= Bob Harrison (Australian politician) =

Australian politician

Robert Joseph Wilson "Bob" Harrison AO (born 19 September 1934) is a former Australian politician. He was the Labor Party member of the New South Wales Legislative Assembly for the seat of Kiama from 1986 to 1999.

Harrison was born in Goulburn and attended local state schools. He was employed at the Pacific Supertex Chenille Factory in Goulburn before moving to Port Kembla in 1953 to work for AIS Steelworks. In 1955 he became a waterside worker, and also became active in the labour movement, particularly the Maritime Union of Australia. He was married on 20 October 1961 in Hobart, Tasmania, to Angela, with whom he has two daughters.

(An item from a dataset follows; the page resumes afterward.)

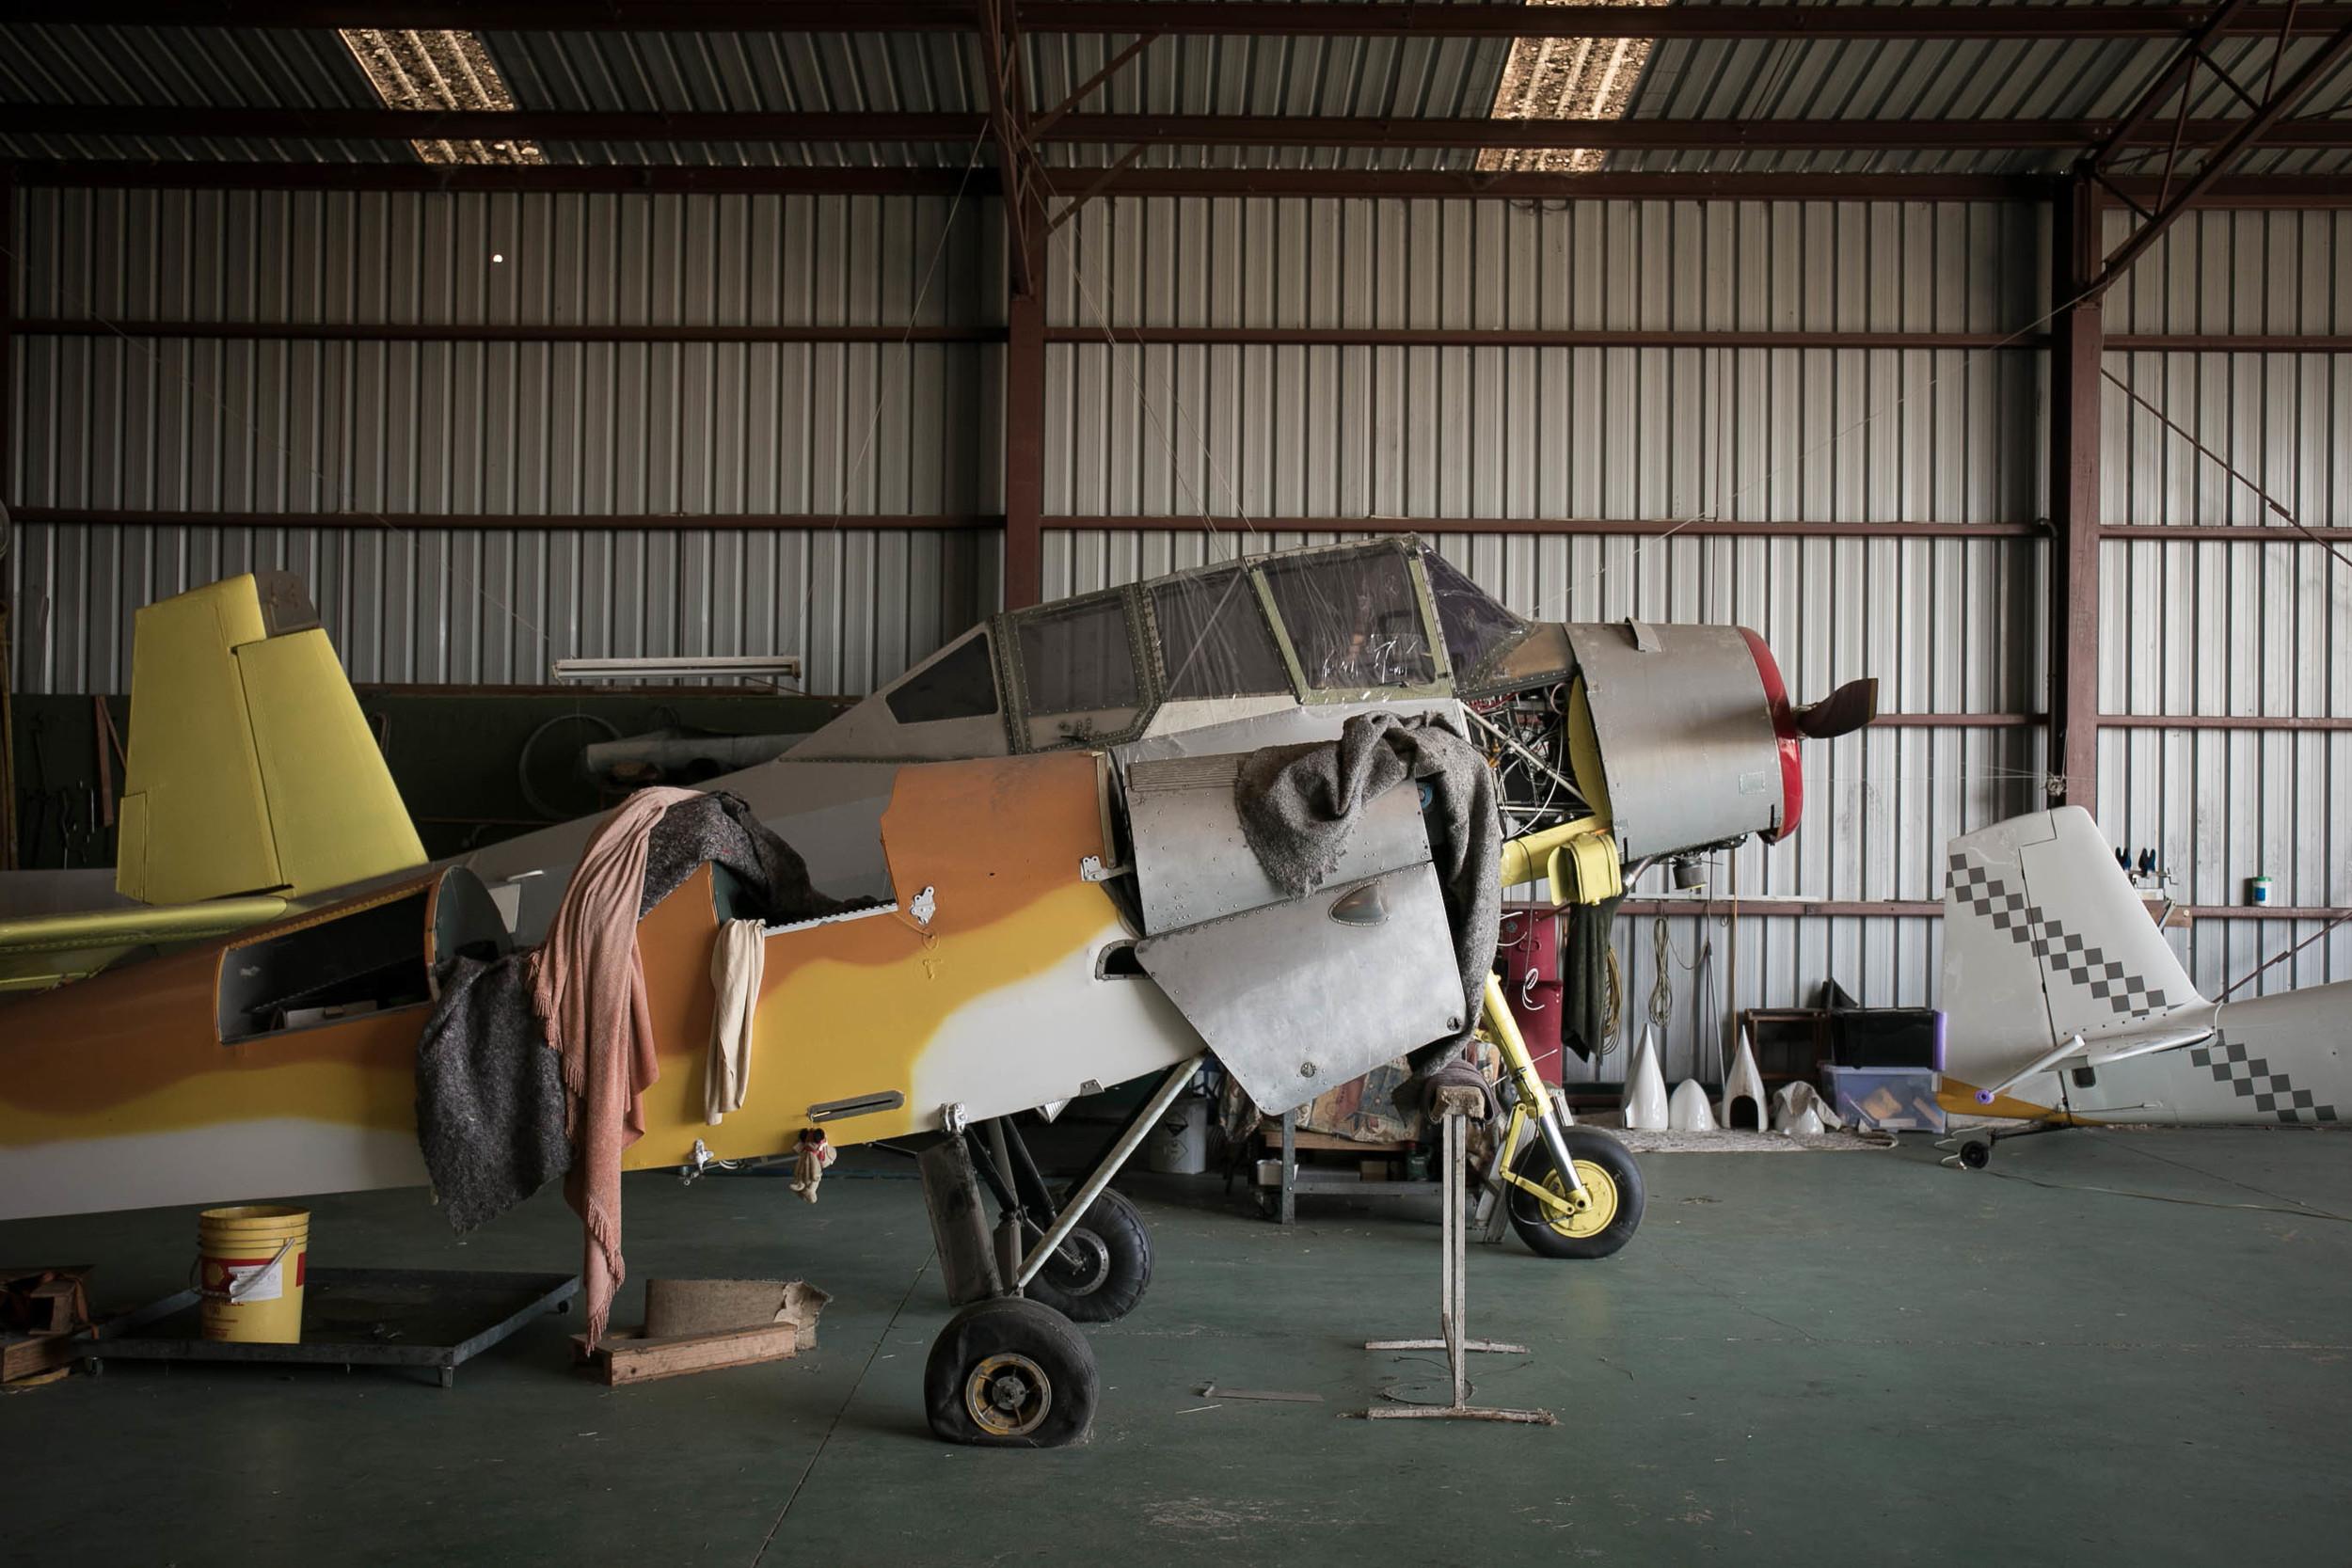 in_venus_veritas_australian_aerobatics_academy_hanger.jpg

In 1971 he was elected to Shellharbour Municipal Council and would remain on the council until 1991. He served as mayor 1974-75 and 1977-91.

In 1986, the Labor member for the local state seat of Kiama, Bill Knott, resigned on medical grounds and Harrison was preselected as the Labor candidate for the by-election. He won easily, and held the seat without serious challenge until his retirement in 1999.

Harrison was awarded the Order of Australia in 2005.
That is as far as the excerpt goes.